Он ответил, не оборачиваясь:
– Почему ты называешь мертвецов молчаливыми, Хильда?
Пророчица положила руку на его плечо и взглянула ему в лицо.
– Ты прав, сын Свейна, – ответила она, – абсолютного молчания нет нигде, и для души нет никогда покоя... Так ты вернулся на родину, Хакон?
– Вернулся, но я и сам не знаю зачем... Я было еще веселым, беспечным ребенком, когда ты предсказала моему отцу, что я рожден на горе и что самый славный час мой будет и последним для меня часом в жизни... С тех пор моя веселость исчезла навсегда!
– Но ты тогда был еще таким крошечным; я удивляюсь, как ты мог обратить внимание на мои слова... Я и сейчас вижу тебя играющим на траве с соколом твоего отца в то время, когда он спрашивал меня о твоей судьбе.
– О, Хильда, да разве только что вспаханная земля не поглощает с жадностью брошенное в нее семя? Так же молодая душа не пропускает мимо ушей первых уроков ужаса... С тех пор ночь стала моей поверенной, а мысль о смерти – моей постоянной спутницей... Помнишь ли ты еще, как я накануне своего отъезда ушел вечером тайком из дома Гарольда и прибежал к тебе? Я сказал только, что моя любовь к Гарольду дает мне силу твердо перенести мысль, что все мои родные, кроме него, смотрят на меня как на сына убийцы и изгнанника... Я еще добавил тогда, что эта привязанность как будто имеет зловещий характер... Тут ты, пророчица, прижала меня к себе, поцеловала холодным поцелуем и здесь же, у этой могилы, утешила меня своим предсказанием... Ты пела перед огнем, на который брызгала водой, и из слов твоей песни я узнал, что мне суждено будет освободить Гарольда, гордость и надежду нашего семейства, из сетей врага и что с той минуты жизнь моя будет неразрывно связана с его жизнью... Это предсказание ободрило меня, и я спросил, буду ли я жить так долго, чтобы восстановить имя моего отца?

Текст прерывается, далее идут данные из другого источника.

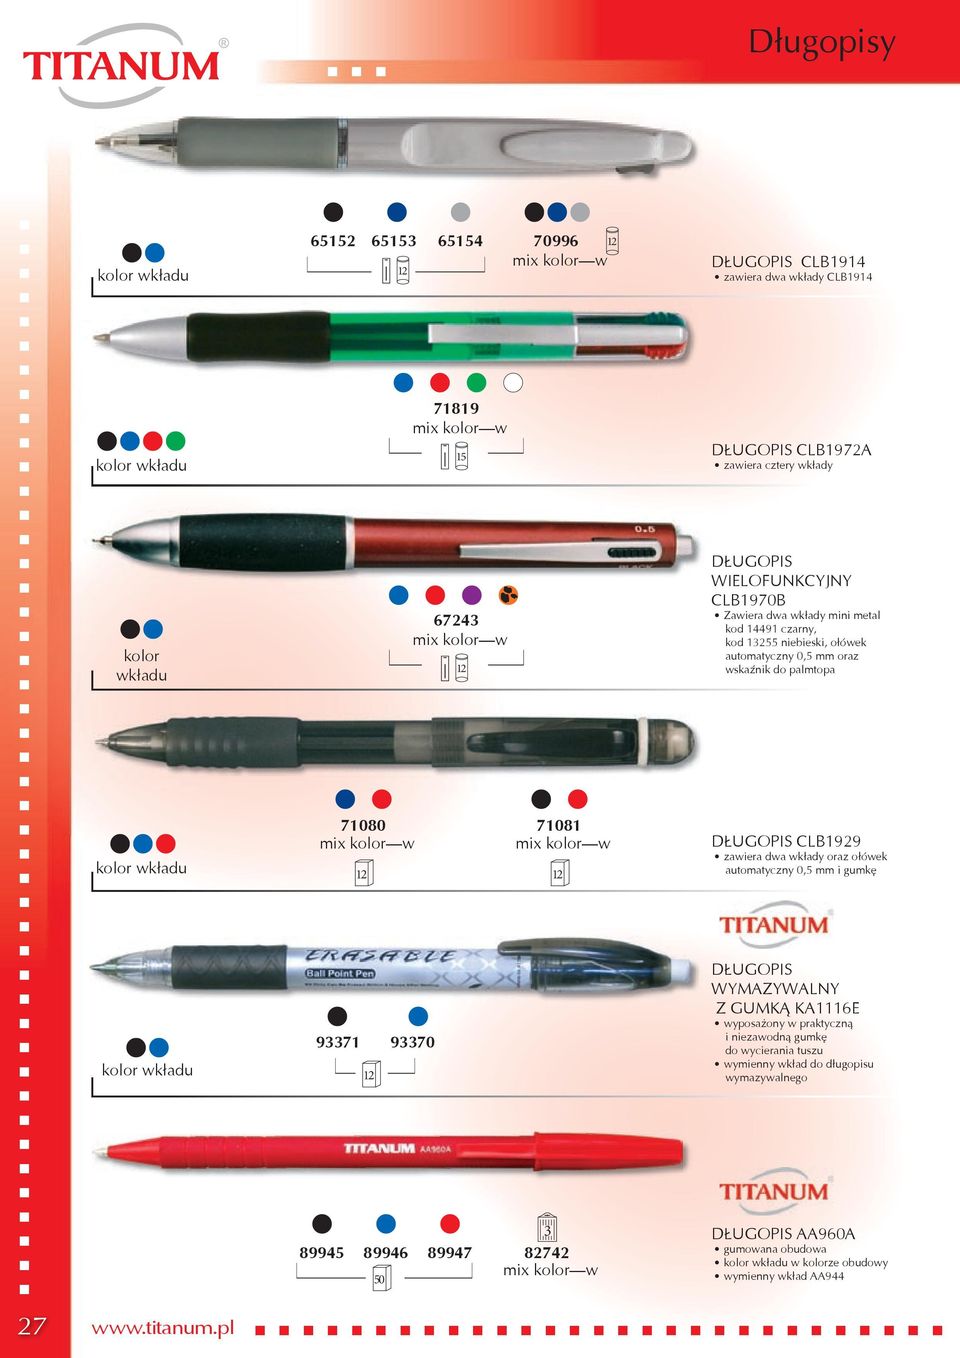 CLB1929 zawiera dwa wkłady oraz ołówek automatyczny 0,5 mm i gumkę 93371 93370 DŁUGOPIS WYMAZYWALNY Z GUMKĄ KA1116E wyposażony w praktyczną i niezawodną
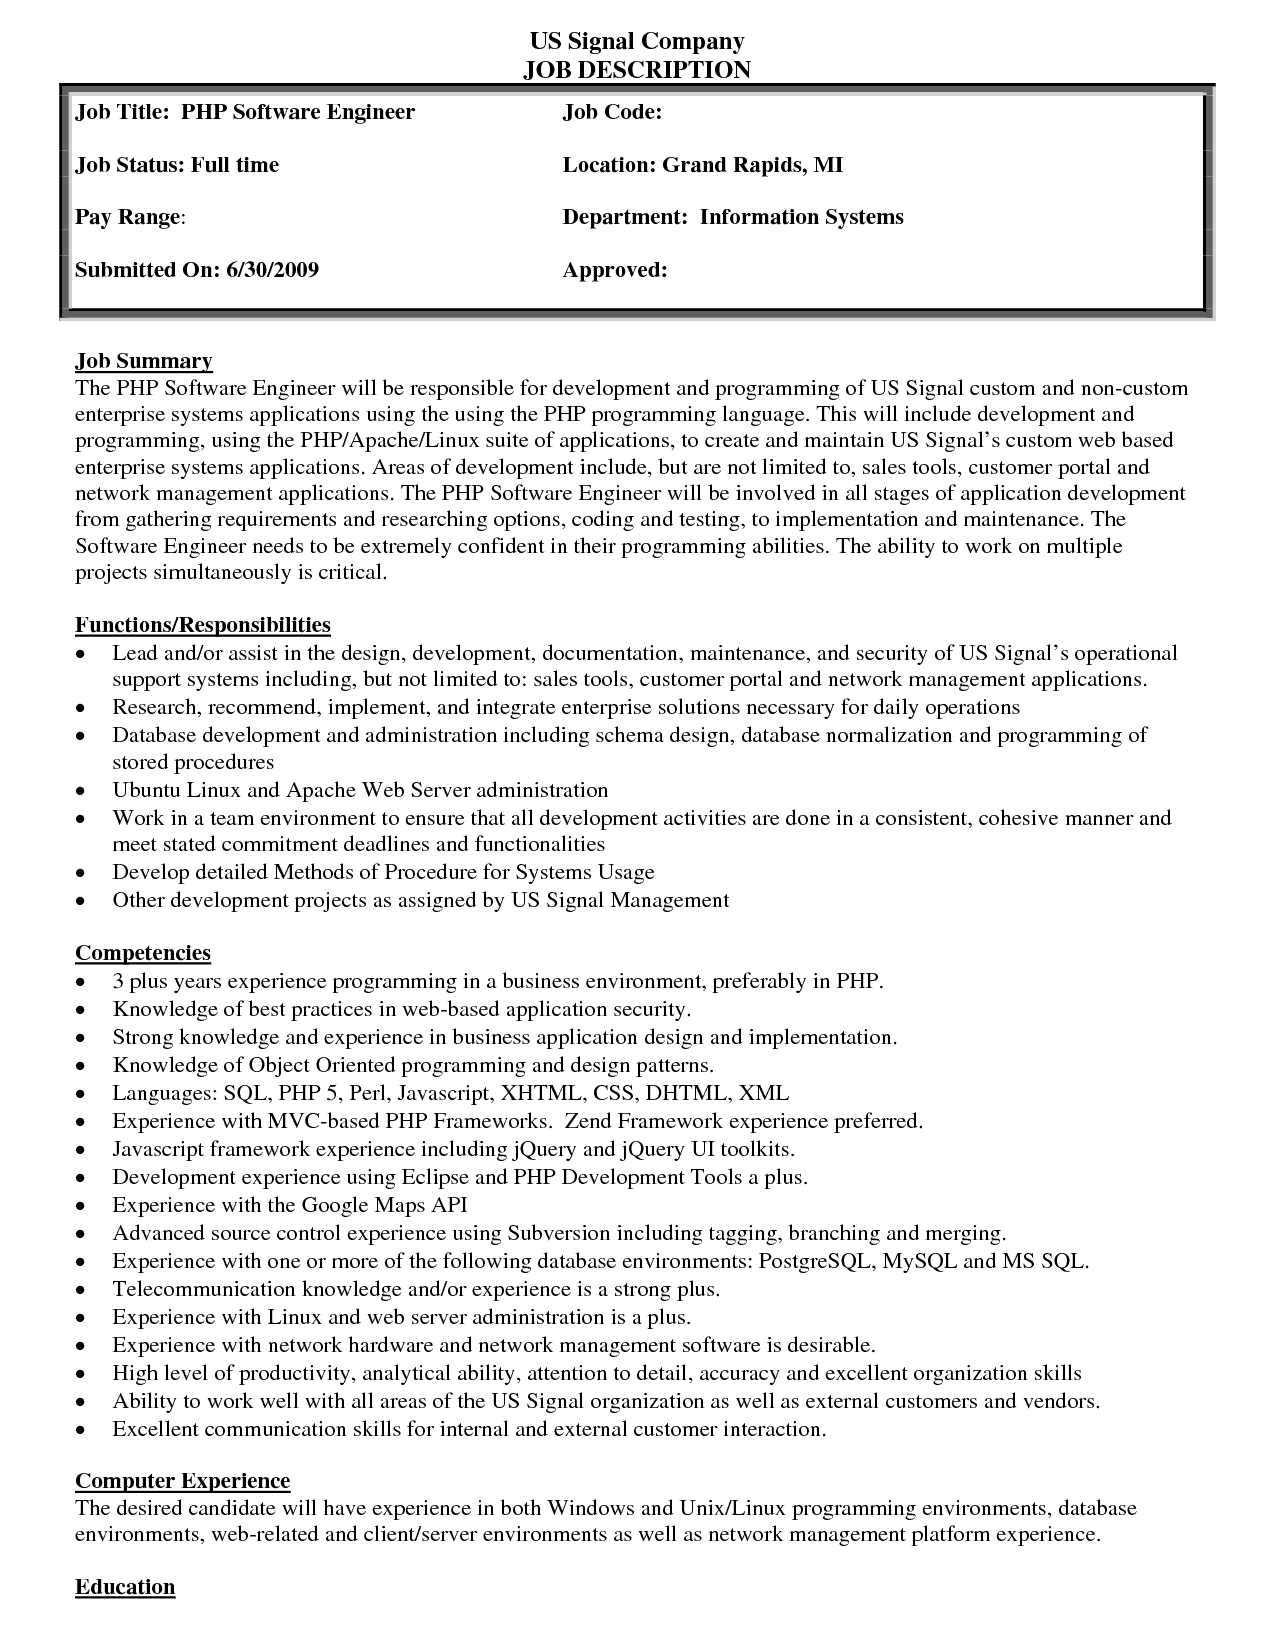 assignment work job description

Ты махнула своим волшебным посохом, высоко взвилось пламя, и ты ответила замогильным голосом: «Как только ты выйдешь из отрочества, жизнь твоя разгорится ярким пламенем и потом угаснет навсегда». Я узнал из этих слов, что проклятие будет вечно тяготеть надо мной... Я вернулся на родину с целью совершить славный подвиг и потом умереть, не успев насладиться приобретенной славой. Но я тем не менее, – продолжал с увлечением молодой человек, – утешаюсь уверенностью в том, что судьба Гарольда нераздельна с моей и что горный ручей и шумящий поток потекут вместе в вечность!
– Этого я не знаю, – произнесла Хильда побелевшими губами, – сколько я не вопрошала о судьбе Гарольда, конца его блестящего пути я еще не могла увидеть. По звездам я узнала, что его величие и слава будут затемняться могуществом какого-то сильного соперника, но Гарольд будет брать верх над врагом, пока с ним его гений-хранитель, принявший на себя образ чистой, непорочной Эдит... Ну а ты, Хакон...
Пророчица замолкла и опустила на лицо покрывало.
– Что же я? – спросил Хакон, походя к ней поближе.
– Прочь отсюда, сын Свейна! Ты попираешь могилу великого воина! – крикнула гневно Хильда и пошла быстро к дому.
Хакон следил за ней задумчиво. Он видел, как ей навстречу выскочили собаки и как она вошла вскоре в свой дом. Он спустился с холма и направился к своей лошади, пасшейся на лугу.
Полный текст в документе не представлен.